All too often the blame for poor City service unjustly falls on their broad shoulders. In fact, the fault usually lies with the underlying systems, policies and procedures that have been foisted upon them.

That will change dramatically. The City Council and I will take care of the policies; I have challenged the City Manager to improve our systems and procedures, beginning with those impacting small businesses in Kansas City.

Speaking of our employees, I wish to say a word about organized labor. Disraeli warned, A man who is not a liberal at 16 has no heart, but a man who is not a conservative at 60 has no head.

Disraeli would be unhappy with me. As I get older I find myself increasingly sympathetic with many of the day-to-day concerns of labor unions and the working families who rely on them.

This administration will pay close attention to the views of all our employees and their representatives. That is not a blank check for wage negotiations, but a reminder that while we may not always achieve consensus, we always do consent to an open mind and an open door.

All these are not idle pledges--issued today, only to be forgotten tomorrow. As you know, for many years I measured the City's performance in the eyes of our residents by surveying their opinions.

Those citizen satisfaction scores will be a built-in grade card of my performance. If those scores don't improve significantly, you won't see me making this speech in 2011.

Accountability is the key to improvement. It is no coincidence that the City services our residents most admire police, fire and emergency response are provided by departments that do the best job of statistically measuring performance, and acting on the results.

Hence, another challenge to the City Manager: To pick up the pace in devising, tracking and responding to credible measures of performance for other basic City services--indeed, for the entire organization.

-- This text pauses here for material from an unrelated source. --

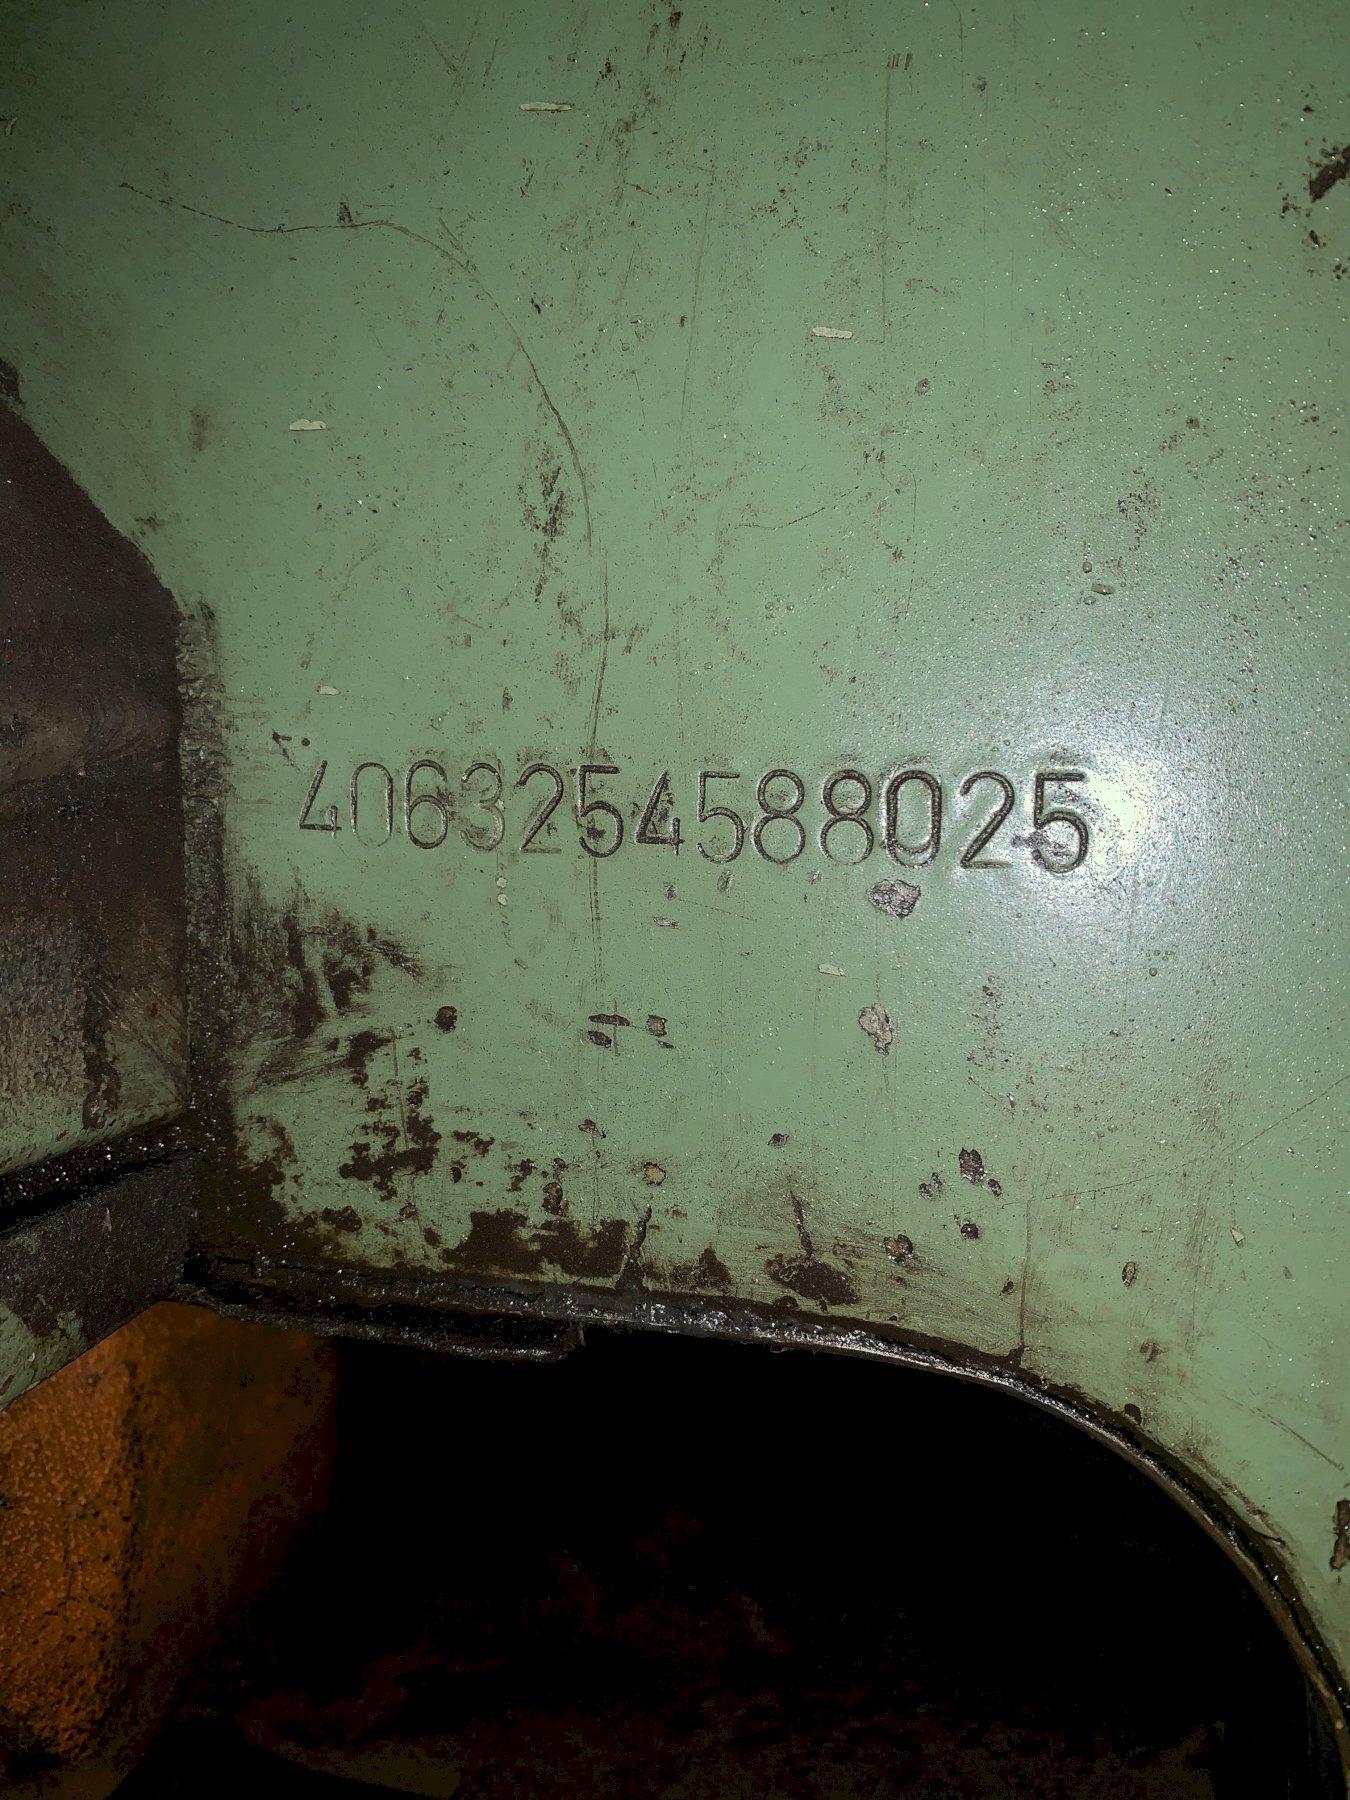 2751fae77b24c37382cf6464173d145e-423a85cd6e5c50f24fa443ed865268f9.jpeg
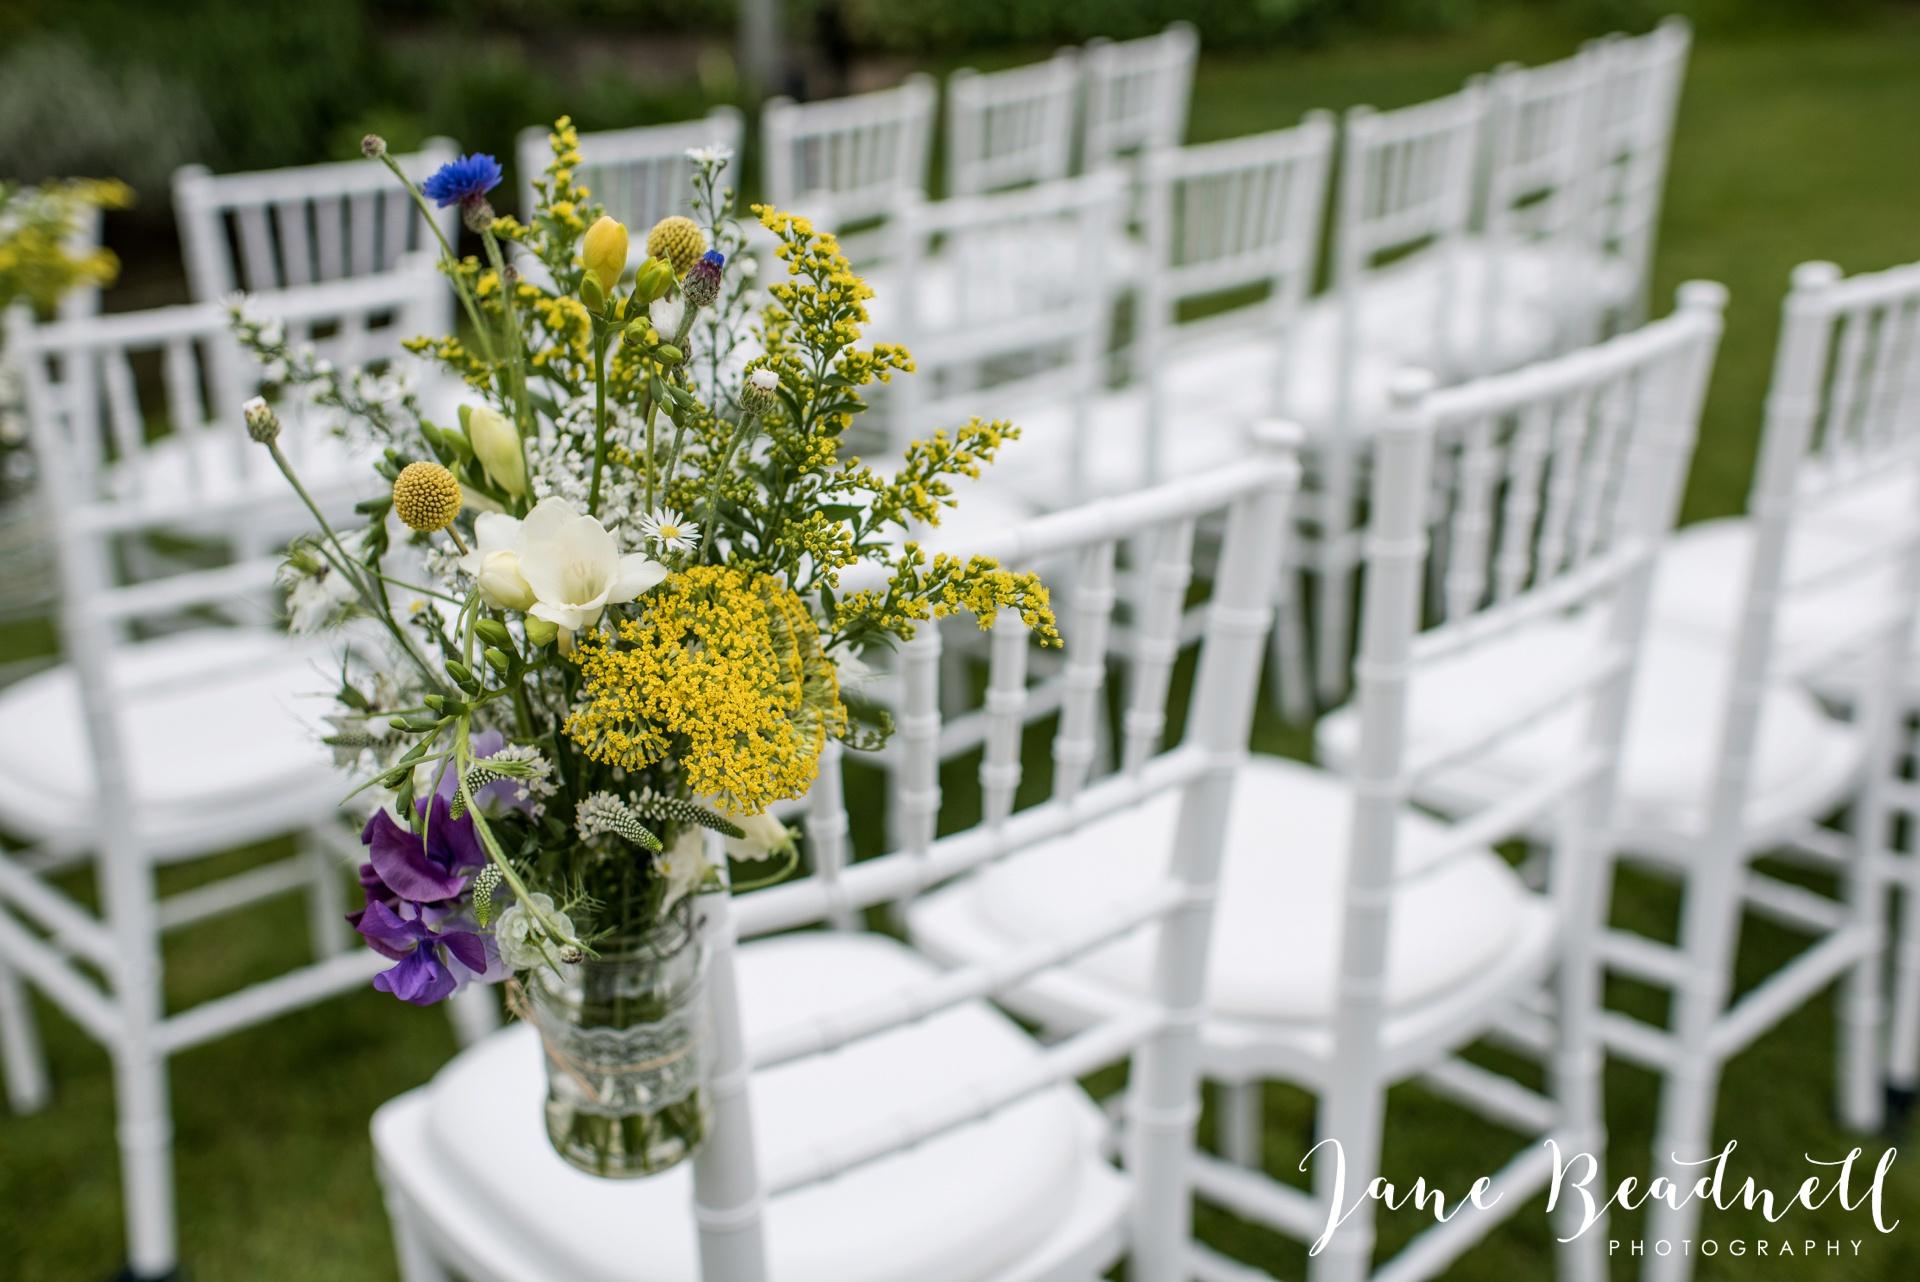 South Farm Wedding photography Hertfordshire by Jane Beadnell Photography fine art wedding photographer_0025

The faith and trust that Kansas City voters placed in me 5-1/2 weeks ago is both gratifying and humbling. I will not fail them. I promise not to cover up mistakes, but to learn from them, and keep moving forward.

Within just a year, the voters' faith and trust will be tested yet again, when we return to ask for a lengthy extension of Kansas City's one-cent sales tax for capital improvements. With the affirmation of a successful campaign, we can rebuild and maintain a physical infrastructure for basic City services in which this and future generations will be confident and proud.

In the meantime, I and the members of my administration will be out in all parts of our great community: asking questions, soliciting feedback, sharing the hopes and dreams of regular folks, and responding as best we can.

I pledge to do this, and I implore you to take a similar pledge, because as one of this nation's earliest settlers, John Winthrop, once declared: we must consider that we shall be as a City upon a hill. The eyes of all people are upon us.

Today, the eyes of the people are indeed upon us.

Expectations are high. But I am certain we can meet those expectations.


Thank you.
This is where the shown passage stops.